James, staring into the fire, chewing a fingernail, said, “Methought I heard a voice cry, ‘Sleep no more!’”
“Where are we sleeping?” Meredith asked, ignoring him. “There’s only three rooms.”
“Well, Wren and I can share,” Filippa said, with a sidelong look at her. She didn’t acknowledge that she’d heard.
“Who wants to share with me?” Alexander said. He waited for a reply but didn’t get one. “Don’t everyone jump up at once.”
“I’ll stay out here,” I said. “I don’t mind.”
“What time is it?” Meredith said. She lifted her glass to her lips, with a pained expression, as if that simple motion were monumentally taxing.
Filippa squinted at the carriage clock on the table beside her. “Quarter after nine.”
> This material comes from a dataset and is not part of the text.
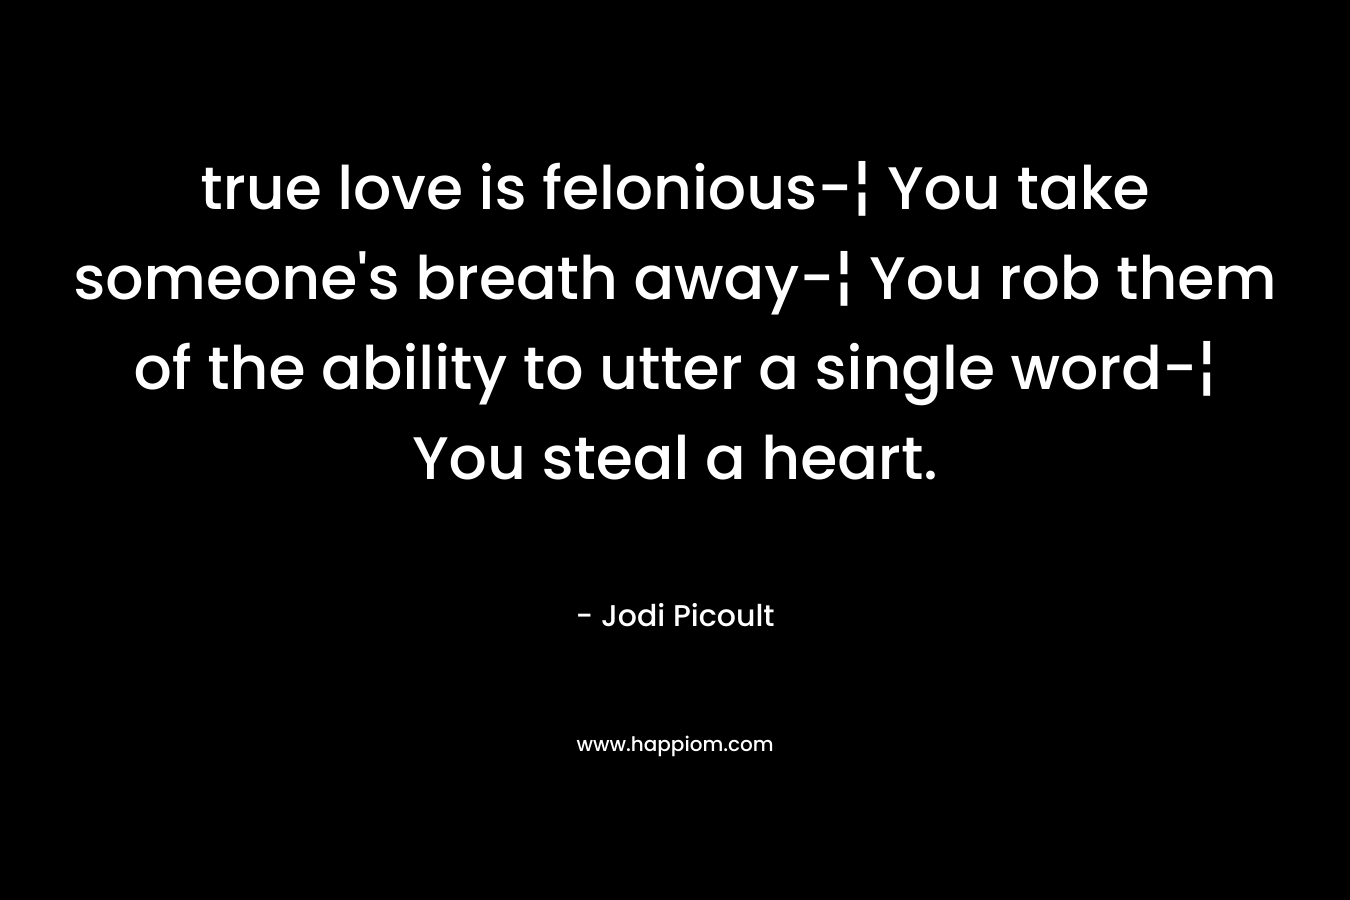 true love is felonious-¦ You take someone's breath away-¦ You rob them of the ability to utter a single word-¦ You steal a heart.

“Is that all?” I said. “It feels like midnight.”
“It feels like Judgment Day.” Alexander threw back an enormous gulp of brandy, gritted his teeth as he swallowed, and reached for the bottle again. He filled his glass almost to the brim and stood clutching it tightly. “I’m going to bed,” he announced. “If someone decides they don’t want to crash in the living room, well, we all know I’m not picky about who I sleep with. Goodnight.”
He left the room, with a small stiff bow. I watched him go and propped my head on one hand, unsurprised by how heavy it felt. Exhaustion pumped sluggishly through my veins, dampening everything else. In the raw dark of the morning I’d felt relief rather than dismay at the spectacle of Richard’s death, and now that it was dark again—after all we’d done and said during the long hypnotic hours in between—I was too tired for sadness or pity. Perhaps it was absent because I didn’t quite believe it. I half expected Richard to burst through the door, wiping stage blood from his face, laughing cruelly at how he’d had us fooled.
Filippa finished her drink, and the sound of her glass touching down on the table made me look up. “I’m going to go to bed, too,” she said, pushing herself to her feet. “I want to just lie down for a while, even if I don’t sleep. Wren? Why don’t you come to bed?”
Wren was still for a moment, then reanimated, unfolded herself from the chair, eyes bleary, out of focus. She accepted Filippa’s proffered hand and followed her out, without protest.
“Are you sleeping here?” Meredith asked, when they’d gone. She spoke to me as if James wasn’t there. He didn’t react or respond, as if he hadn’t heard her.